* [Exercise requirements]:
All of the listing must be given again exactly, except that the images are dropped.

* [Dataset excerpt]:

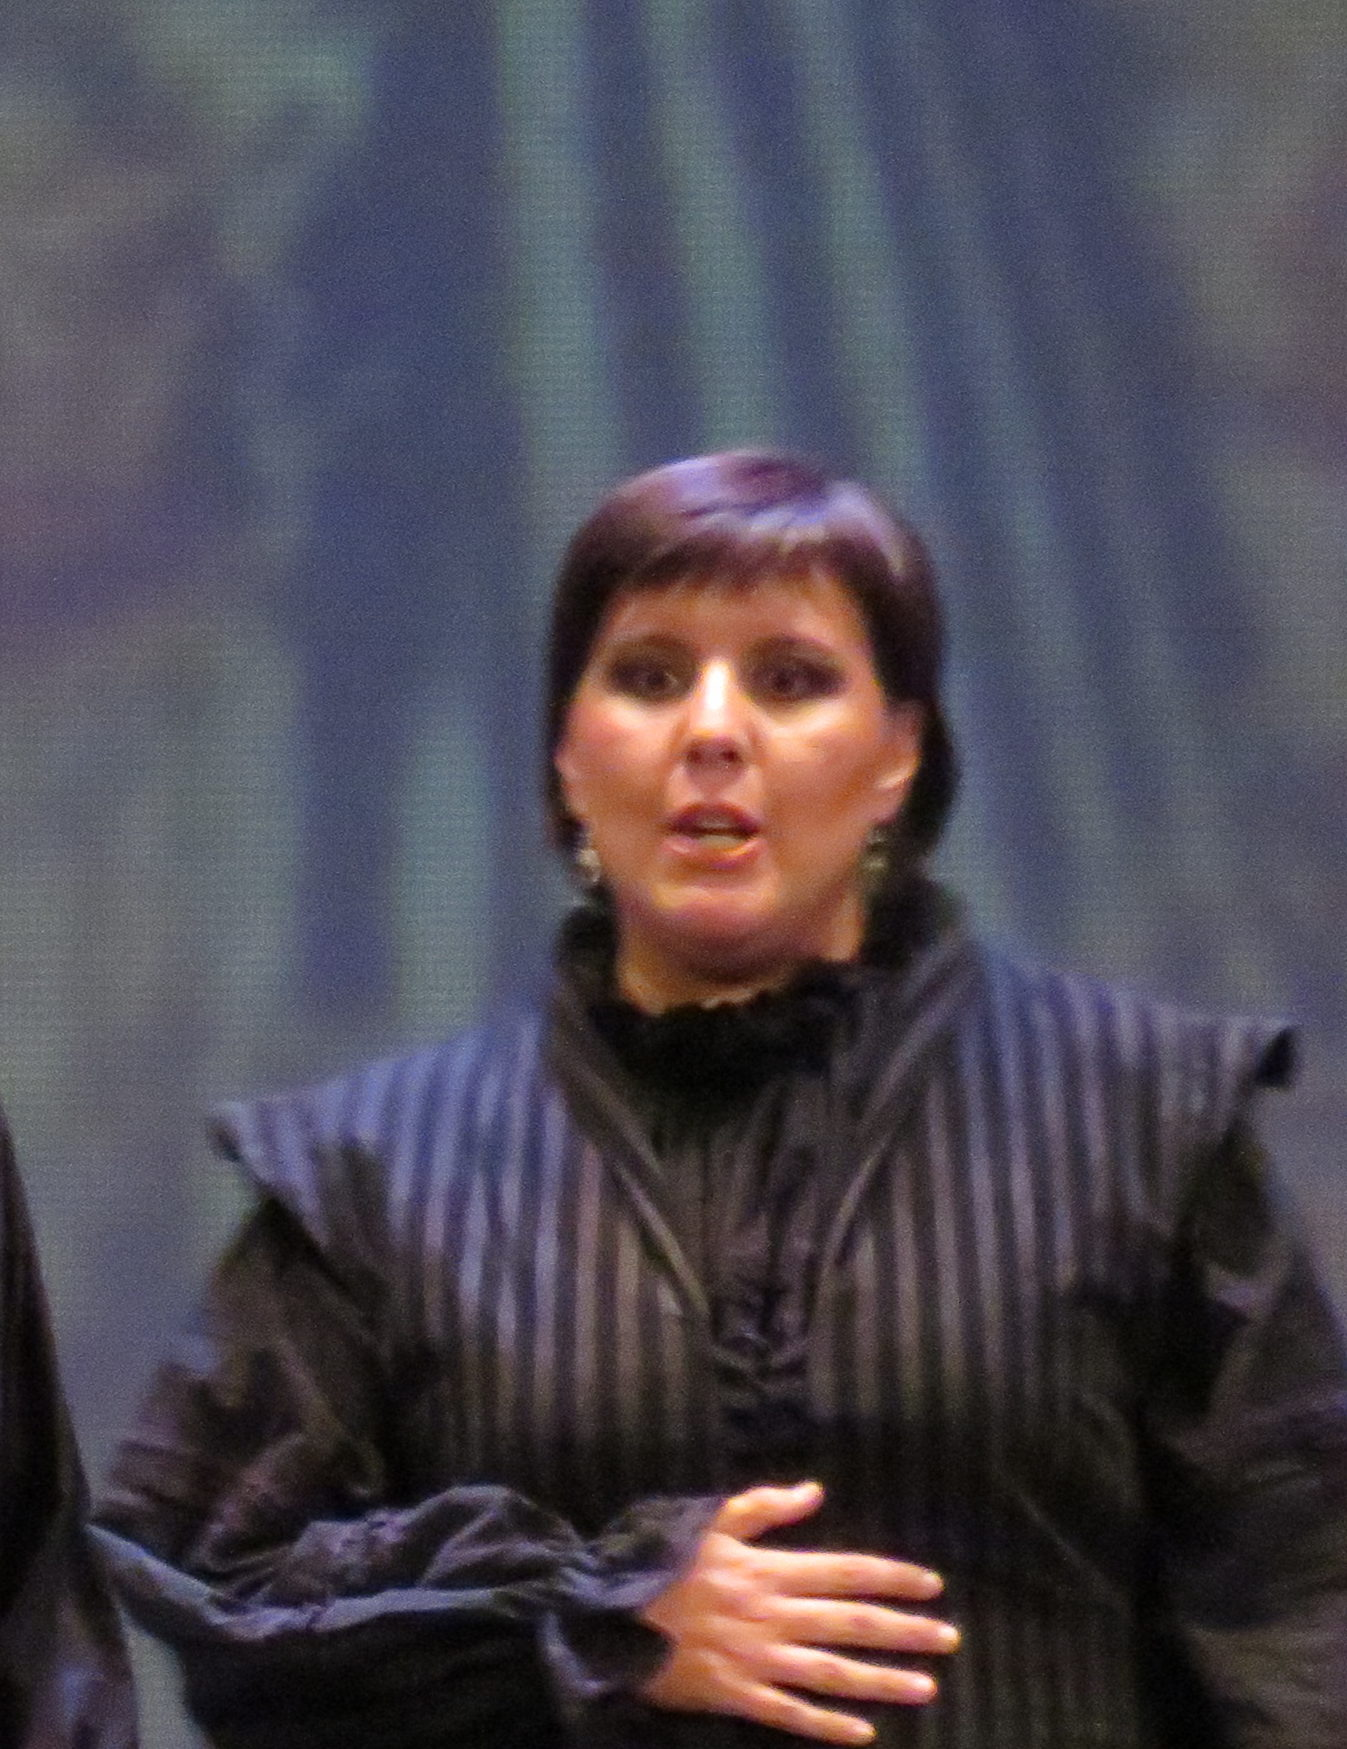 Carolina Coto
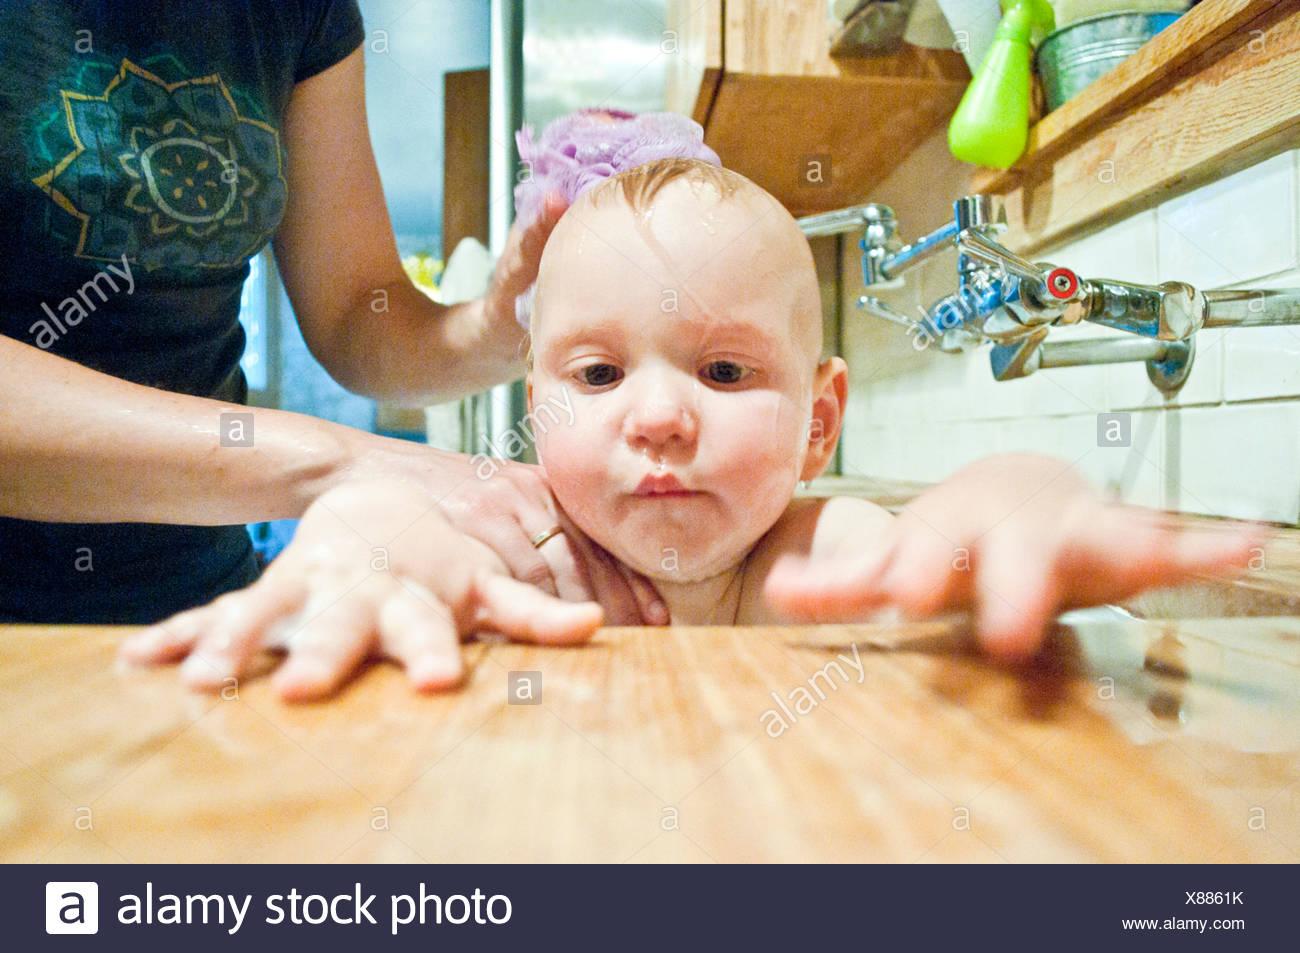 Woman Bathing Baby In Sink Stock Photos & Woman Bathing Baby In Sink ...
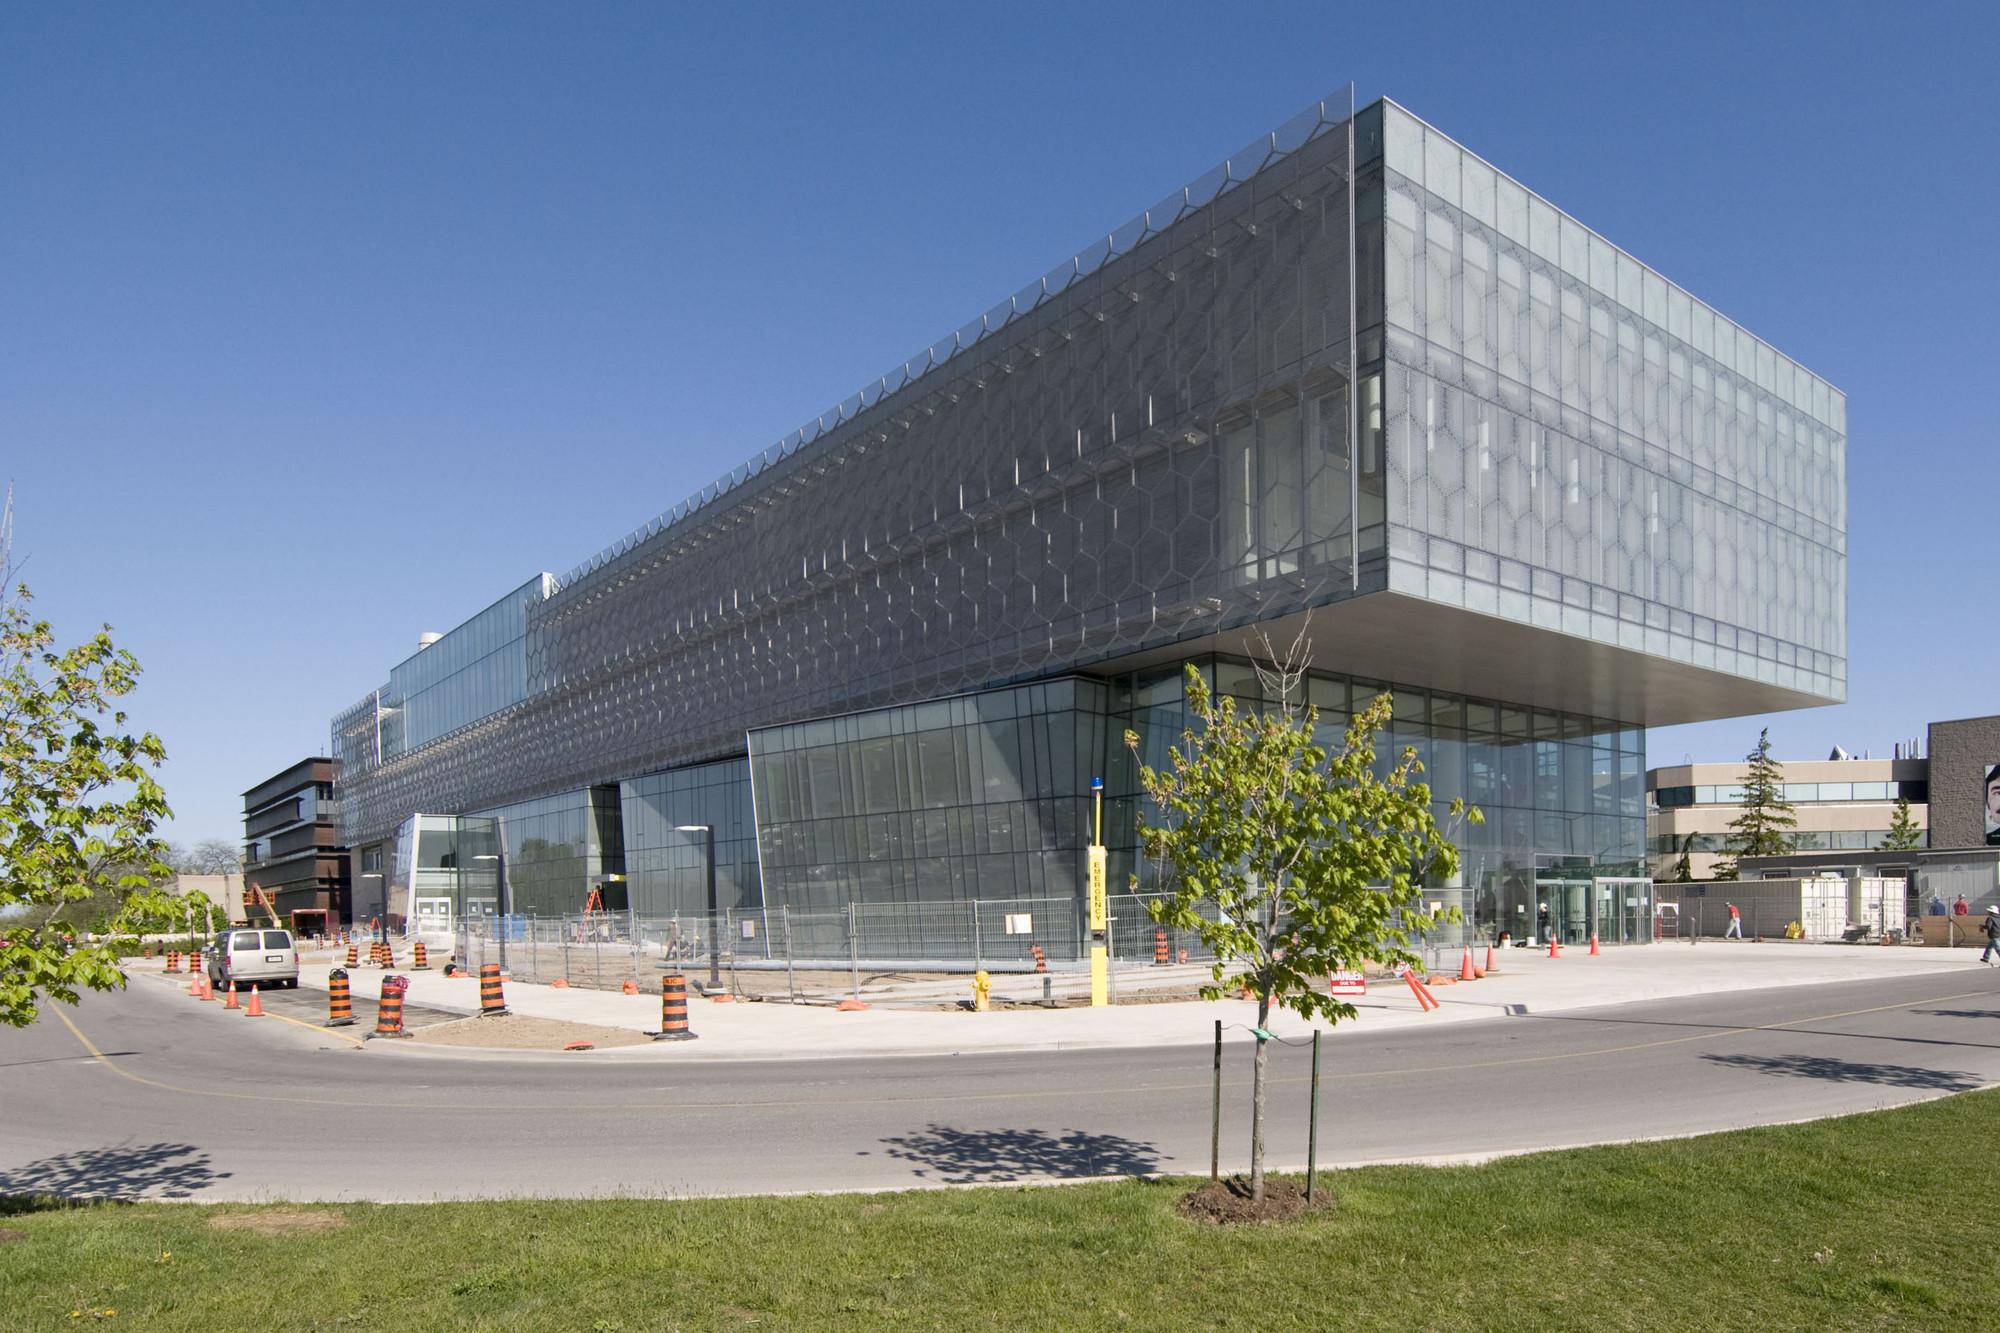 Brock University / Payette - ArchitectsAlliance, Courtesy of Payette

* [Task answer]:
 Carolina Coto
 Woman Bathing Baby In Sink Stock Photos & Woman Bathing Baby In Sink ...
 Brock University / Payette - ArchitectsAlliance, Courtesy of Payette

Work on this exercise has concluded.